PILOT Theatre artistic director Marcus Romer is collaborating with London playwright Roy Williams for the third time, joining together for a new touring version of Sophocles’s Antigone that brings the brutal world of Thebes kicking and screaming into the 21st century.

“The measure of trust in the relationship is that he’s happy working with a northern oiky company from York,” says Marcus, whose previous Pilot projects with Roy were Sing Yer (Heart Out For The Lads and The Loneliness Of The Long Distance Runner. “I take real pride that an artist of his stature wants to work with us.”

Roy had always wanted to do a version of Antigone, and now that he and Pilot have created a play that is running at York Theatre Royal this week, Marcus has noted how the production resonates with a certain American television series.

“We’ve realised that Antigone is Season Two of The Wire: it’s season two of the Phoeban wars for the Netflix generation,” he says.

“What we’ve done is to show the difficult stuff that they couldn’t stage in Sophocles’s time, like the death scenes.

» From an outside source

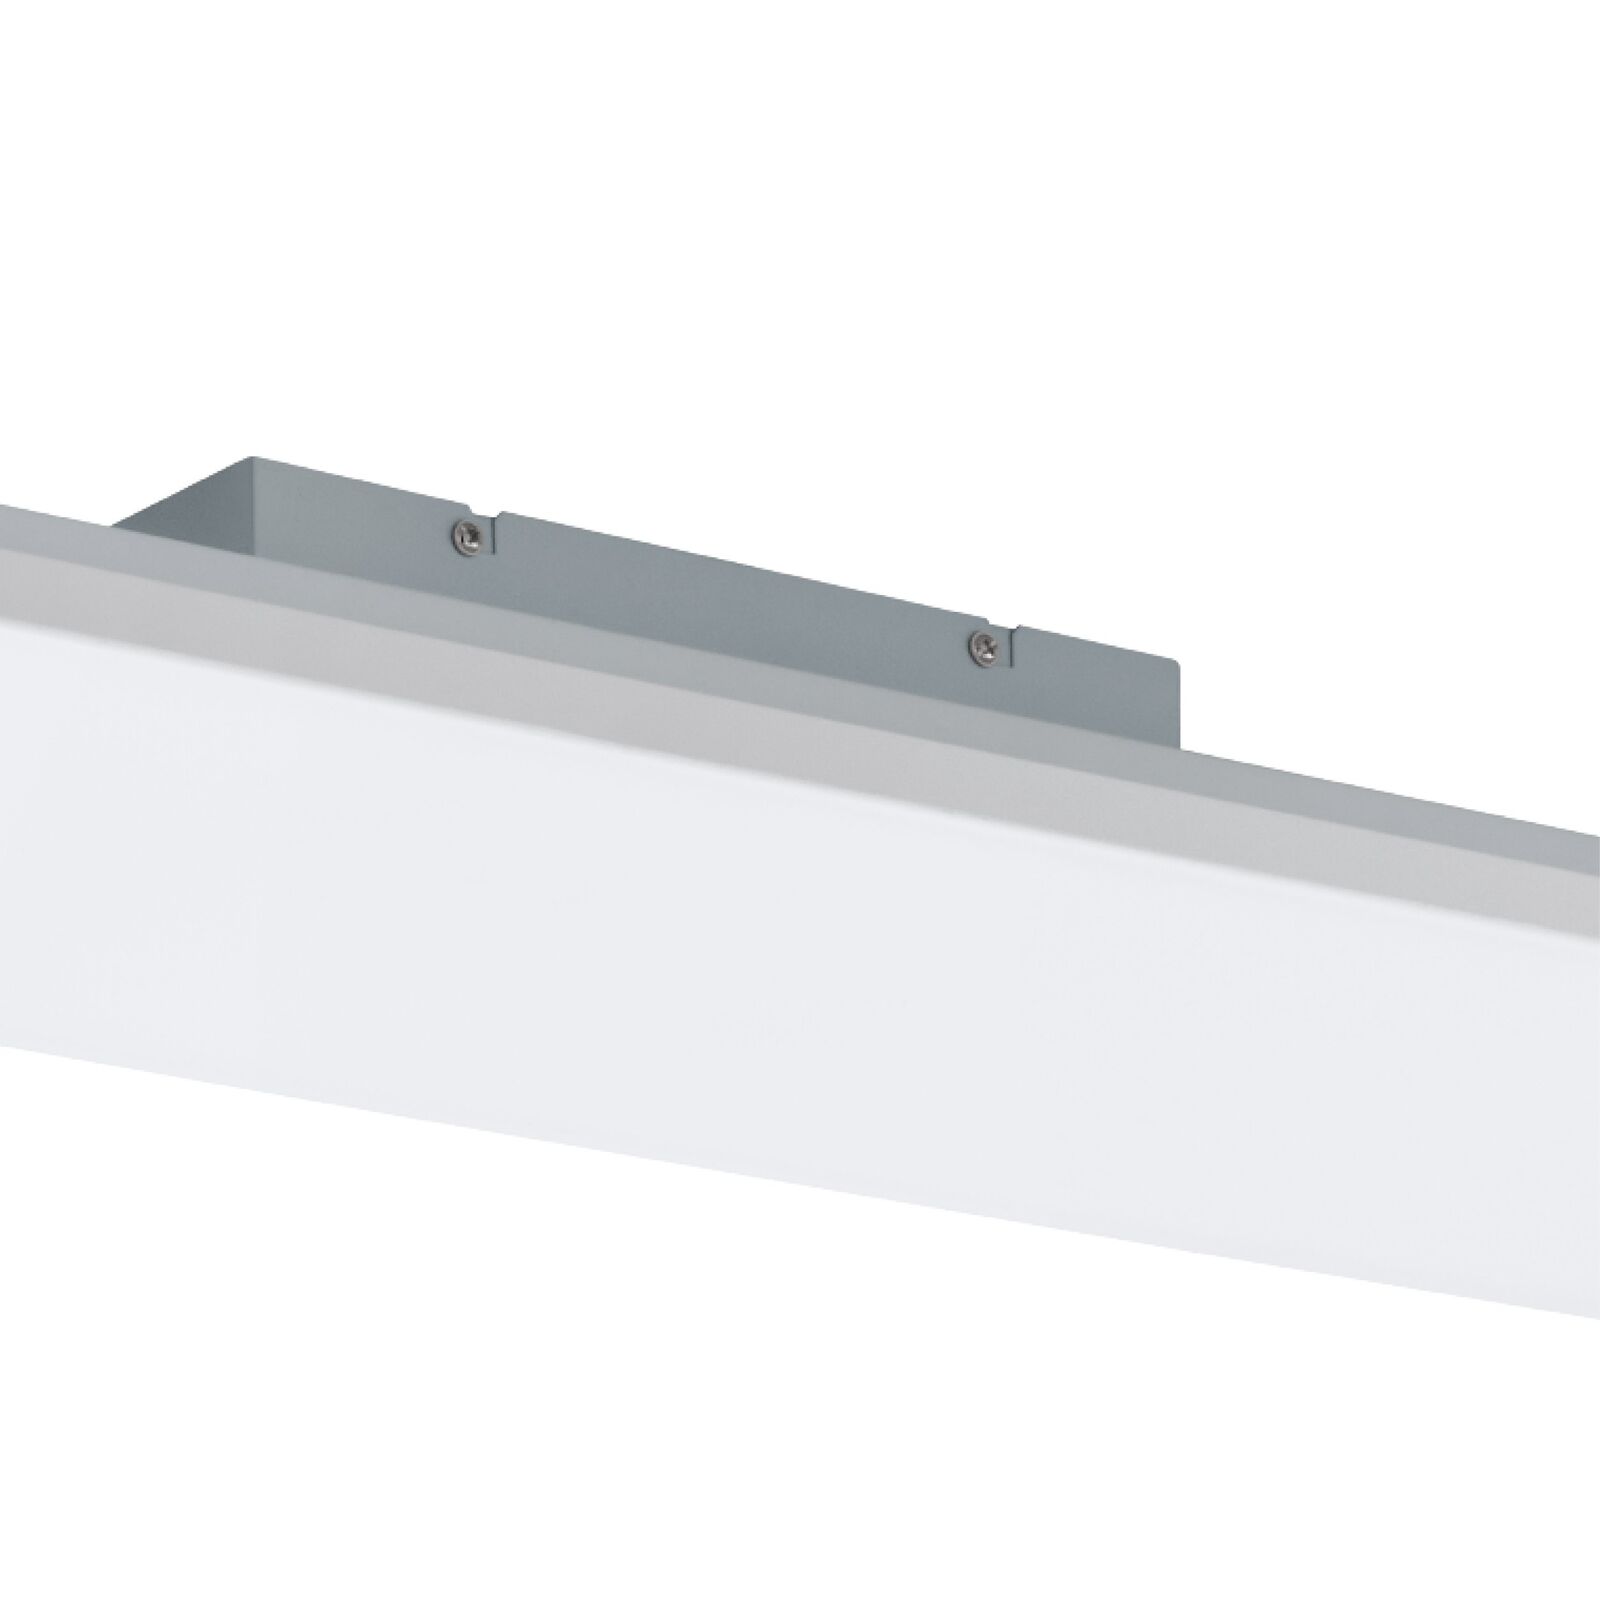 LED Panel Deckenlampe für Büro und Küche Deckenleuchte Weiß 100x24 cm

They didn’t have the theatrical capabilities to do what we can do now, so the way the plays were written was an expedient reaction to the circumstances that they worked in.

“Now we’re used to doing things on a grand scale like the 62 episodes of Breaking Bad, and epic drama is more in our parlance than it was ten years ago. Writers are writing works with a great arc like Shakespeare’s plays. Antigone is a great story that’s still going strong after 2,500 years and we can tell it for a modern audience.”